Try it: Nothing but the lines below between the line holding "You're required to" and the line holding "South by Southwest (SXSW) cover", inclusive, should appear in the answer, each set down exactly.

Input for this task:
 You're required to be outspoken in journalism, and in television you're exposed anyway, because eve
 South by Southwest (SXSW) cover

...

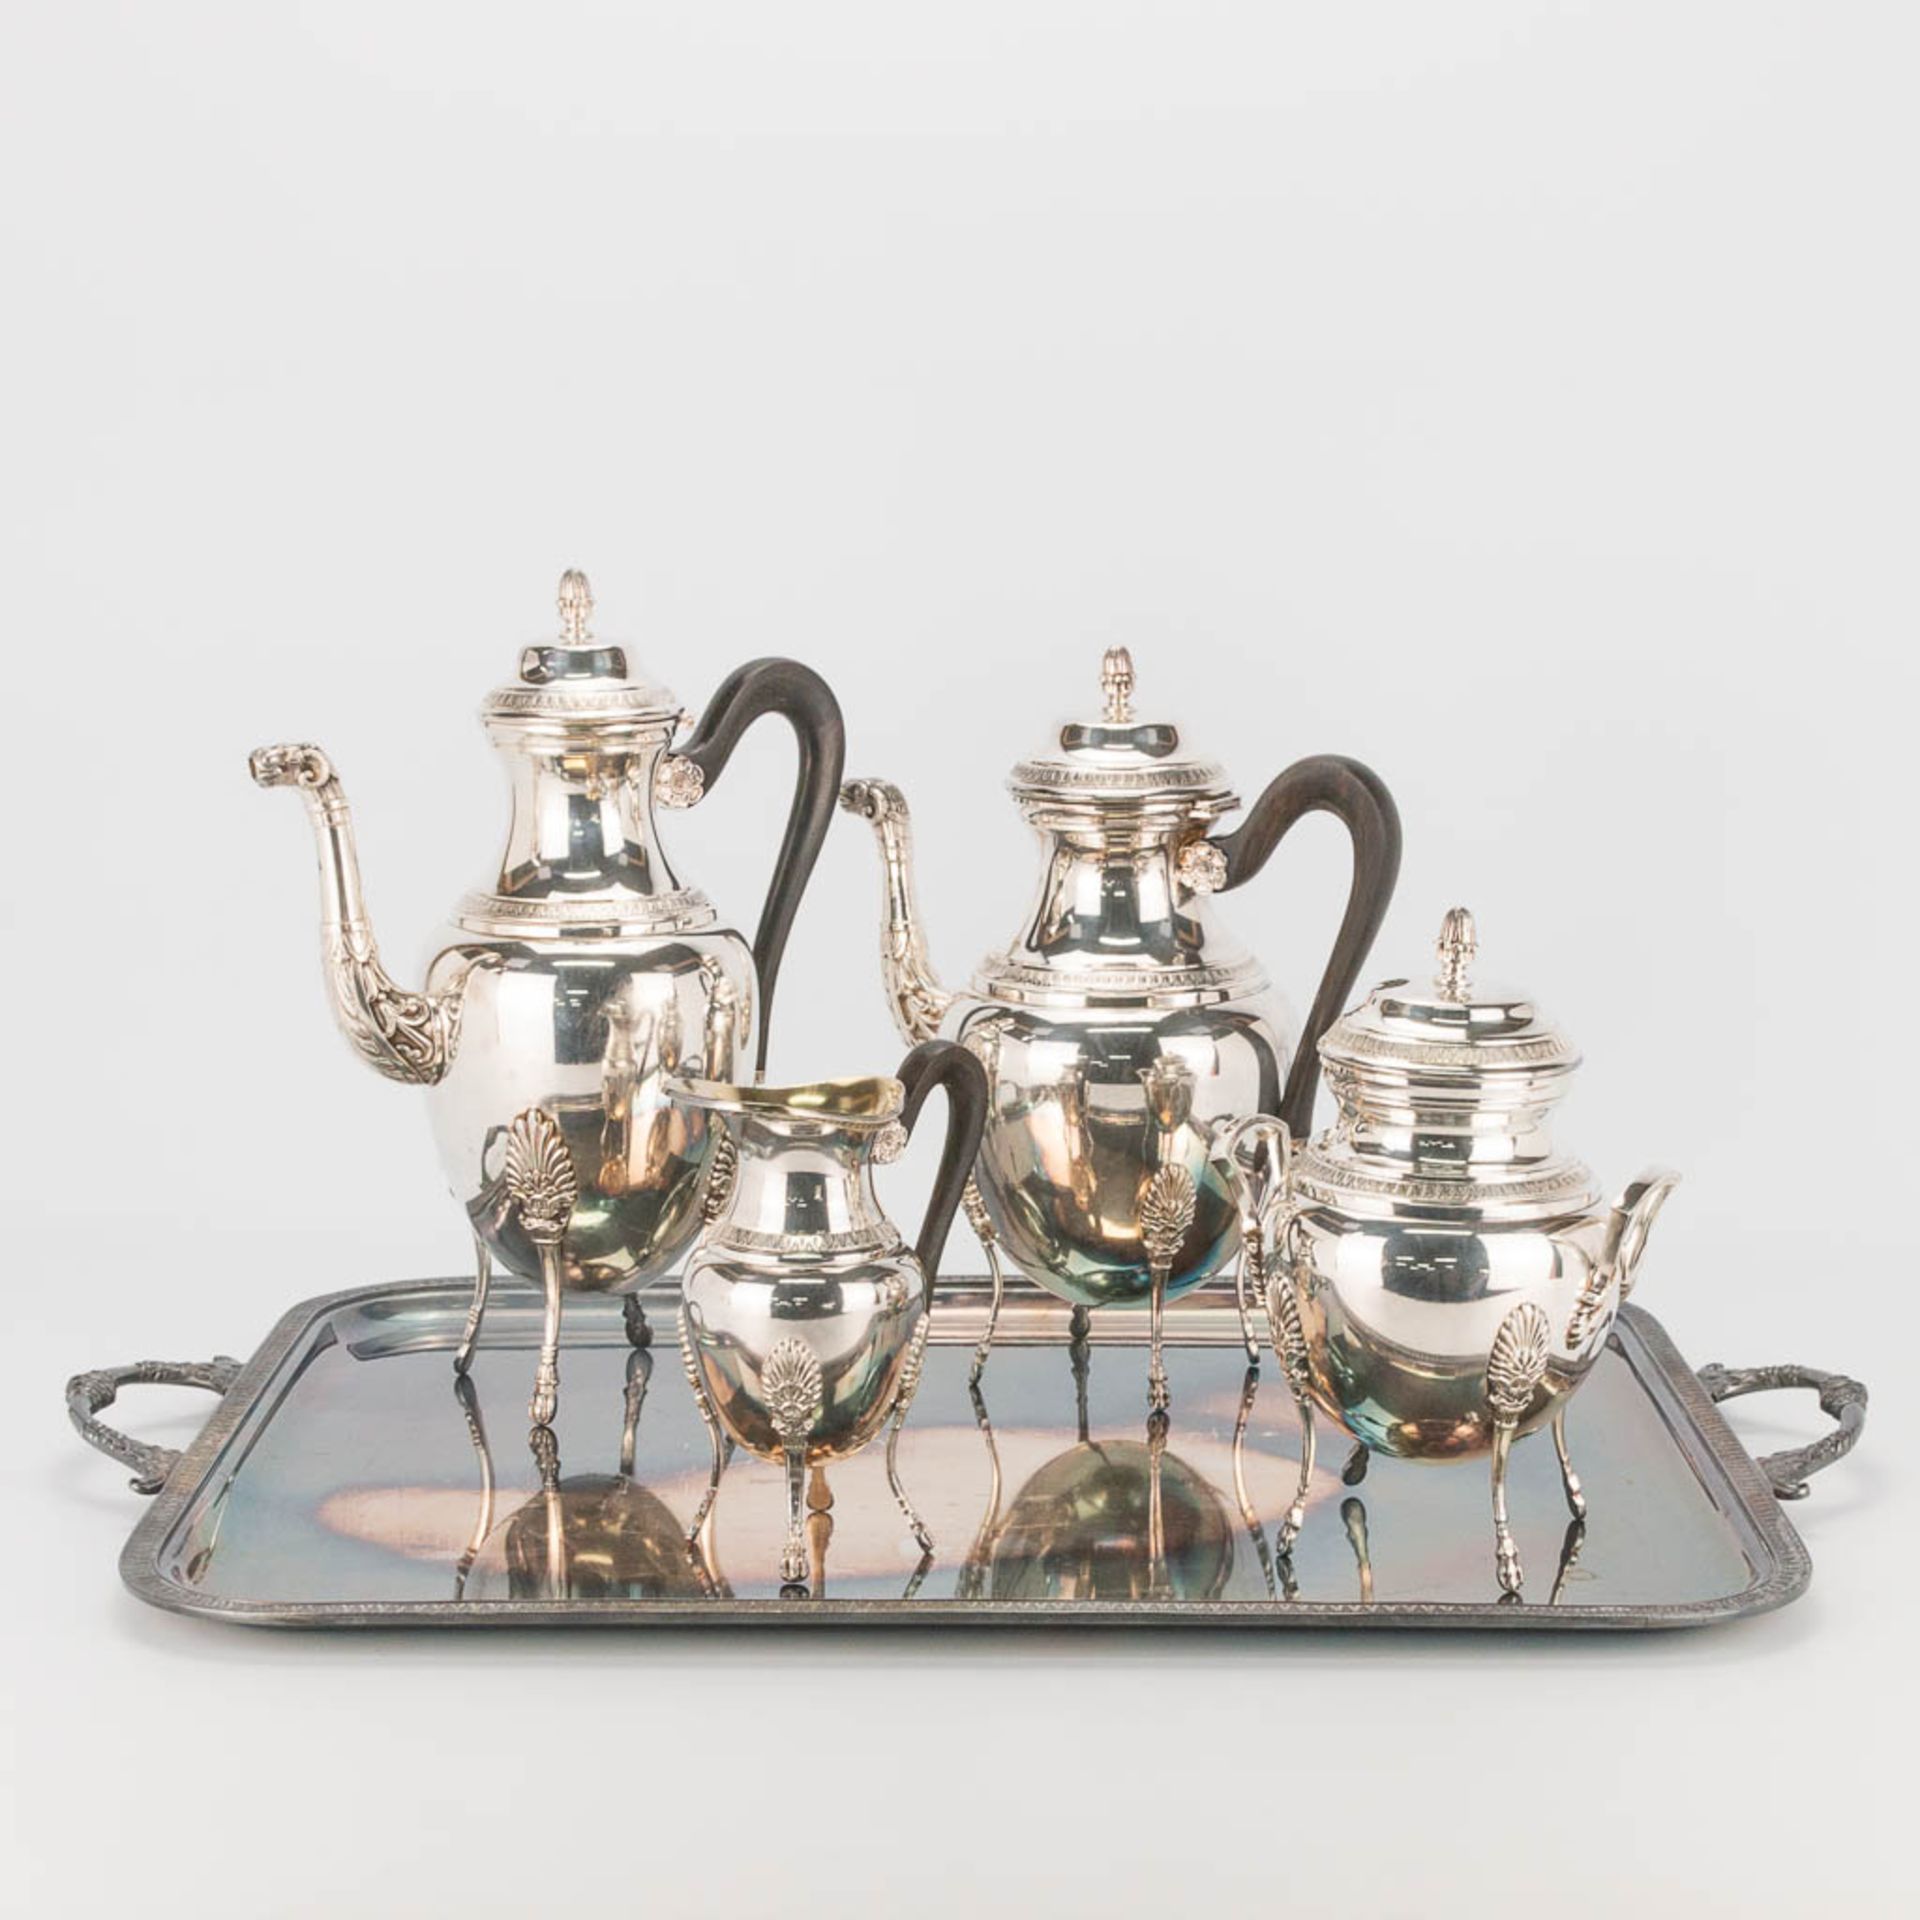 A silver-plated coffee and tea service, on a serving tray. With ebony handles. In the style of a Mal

Output:
 You're required to be outspoken in journalism, and in television you're exposed anyway, because eve
 South by Southwest (SXSW) cover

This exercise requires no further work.